Some enmities are so powerful, they could never be resolved. Bette and Joan. Batman and the Joker. Hamilton and Burr.
It was starting to look like that list would include general relativity and quantum theory, two mathematical frameworks for describing the Universe that just cannot be made to fit together.
But in new paper, physicist Jonathan Oppenheim of University College London claims to have found a way to resolve their differences.
And it gets better – a second paper lays out a way to test it experimentally.
"Quantum theory and Einstein's theory of general relativity are mathematically incompatible with each other, so it's important to understand how this contradiction is resolved," Oppenheim explains.
"Should space-time be quantized, or should we modify quantum theory, or is it something else entirely?"
The Universe doesn't behave in a unified manner across scales, and we have different tools for exploring and describing it. General relativity is the theory that describes gravitational interactions in the large-scale physical Universe, based on the way gravity curves space-time.
It can be used to make predictions about the Universe; general relativity predicted gravitational waves, gravitational lensing, and some behaviors of black holes.
At much smaller scales – atomic and subatomic – gravity doesn't work the way it does under relativity. A different set of rules is needed to describe the way matter behaves and interacts. This is quantum theory.

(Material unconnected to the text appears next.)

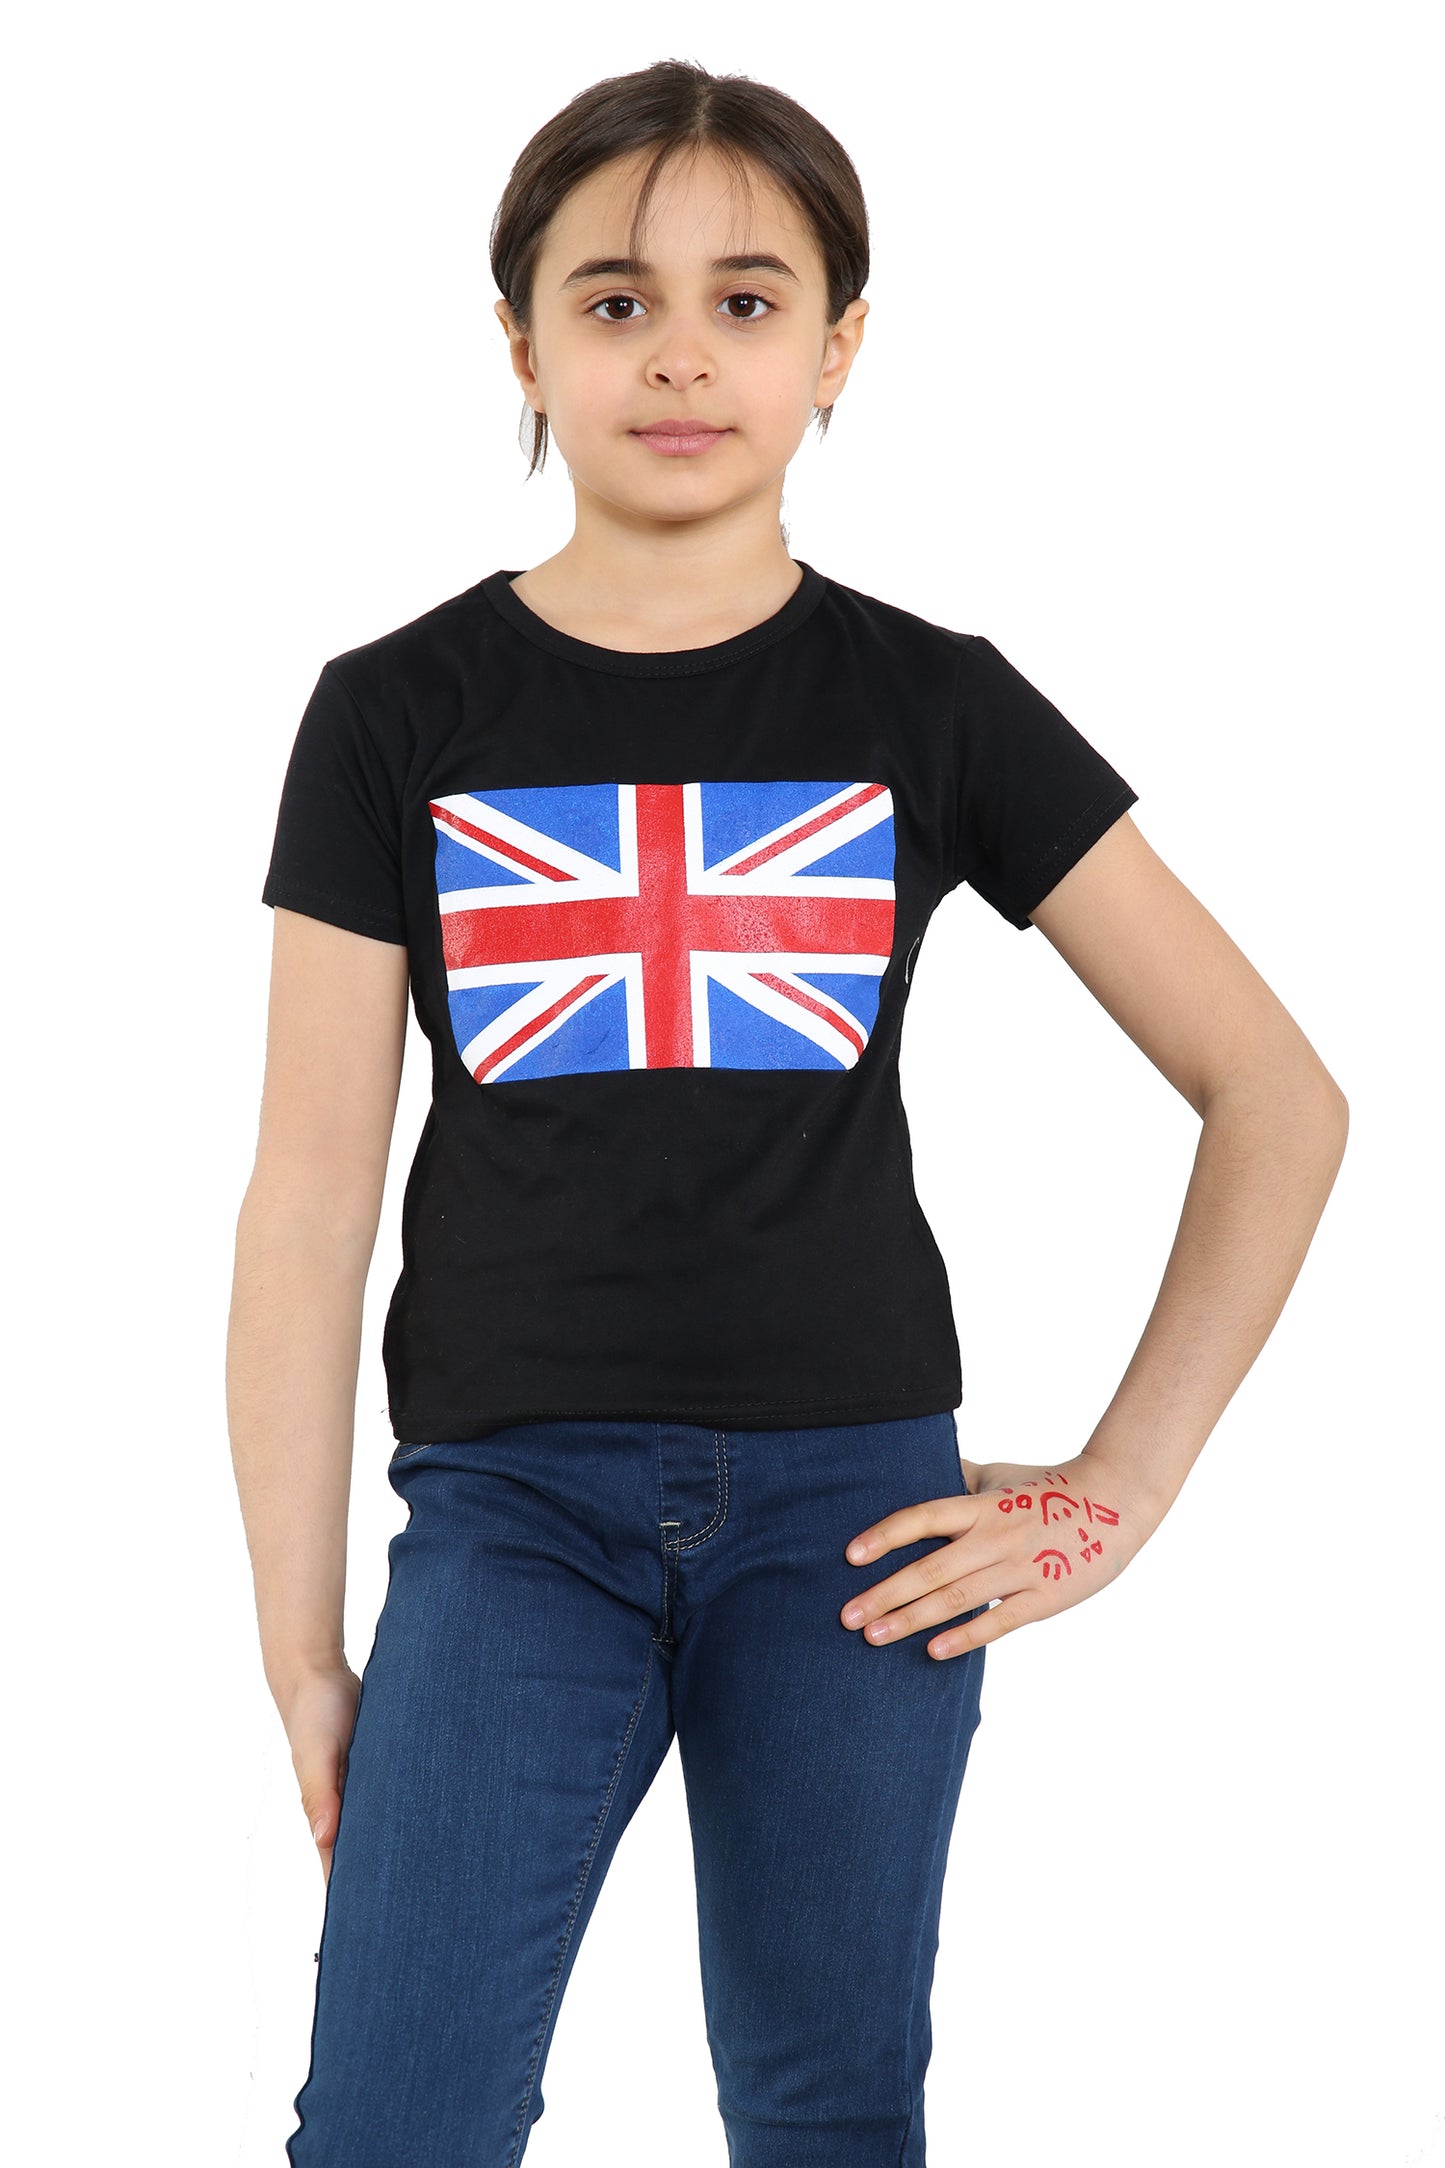 Girls Union Jack King Charles III Coronation 3/4 Length T-Shirt

For decades, physicists have been trying to figure out how to make the two rulesets work together. The realms of relativity and quantum theory interact in the real world, but scientists haven't been able to figure out how.
The current thought is that gravity can, somehow, be described using quantum theory, or quantized. This is behind theories such as string theory and quantum loop theory.
But in his paper, Oppenheim lays out a completely different alternative. What if space-time can't be quantized, because it is ruled entirely by classical physics?
Imagine reality is your computer or phone screen. You can see the big picture clearly, but if you use a magnifier on the screen, you'll see it's composed of teeny tiny units.
Under quantum theory, this is the Universe. If you zoom in far enough, it's made up of miniscule basic units, or quanta, like the pixels on your screen. If space-time isn't quantum, it doesn't matter how far you zoom in; it will always be smooth.
Under Oppenheim's theory, however, space-time wouldn't just be smooth, it would become sort of wobbly and unpredictable.
Here's where it becomes testable. This wobbliness would result in fluctuations of measurable properties that are larger than the fluctuations predicted by quantum theory.
With the right experiment, physicists could look for those fluctuations.
"We have shown that if space-time doesn't have a quantum nature, then there must be random fluctuations in the curvature of space-time which have a particular signature that can be verified experimentally," says physicist Zach Weller-Davies of University College London.
"In both quantum gravity and classical gravity, space-time must be undergoing violent and random fluctuations all around us, but on a scale which we haven't yet been able to detect. But if space-time is classical, the fluctuations have to be larger than a certain scale, and this scale can be determined by another experiment where we test how long we can put a heavy atom in superposition of being in two different locations."
Now, the problem of relativity and quantum mechanics is a big one. Resolving it is going to require absolutely extraordinary evidence, and we're very far from that.
And Oppenheim's theory certainly has opposition from within the scientific community.
In fact, fellow physicists Carlo Rovelli and Geoff Penington feel so strongly that quantum theory can describe gravity that they have signed a bet against Oppenheim at 5,000:1 odds.
Carlo offered to give me 5000 coloured balls so I can play bazinga: https://t.co/teDCXmj9w4 and if he wins, I give him one red ball. But I don't play bazinga, and he seems unexcited by my proposals: 50 ml of olive oil or wine? .00002 bitcoin? a packet of crisps? My home? 2/
— Jonathan Oppenheim (@postquantum) January 21, 2021
But even finding nothing in an experiment can tell us important somethings, so whichever way the experiment turns out, we can learn something interesting and valuable from it.
"Experiments to test the nature of space-time will take a large-scale effort, but they're of huge importance from the perspective of understanding the fundamental laws of nature," says physicist Sougato Bose of University College London, who was not involved in these papers.
"I believe these experiments are within reach – these things are difficult to predict, but perhaps we'll know the answer within the next 20 years."
Oppenheim's theory has been published in Physical Review X. An experiment designed to test it has been described in Nature Communications.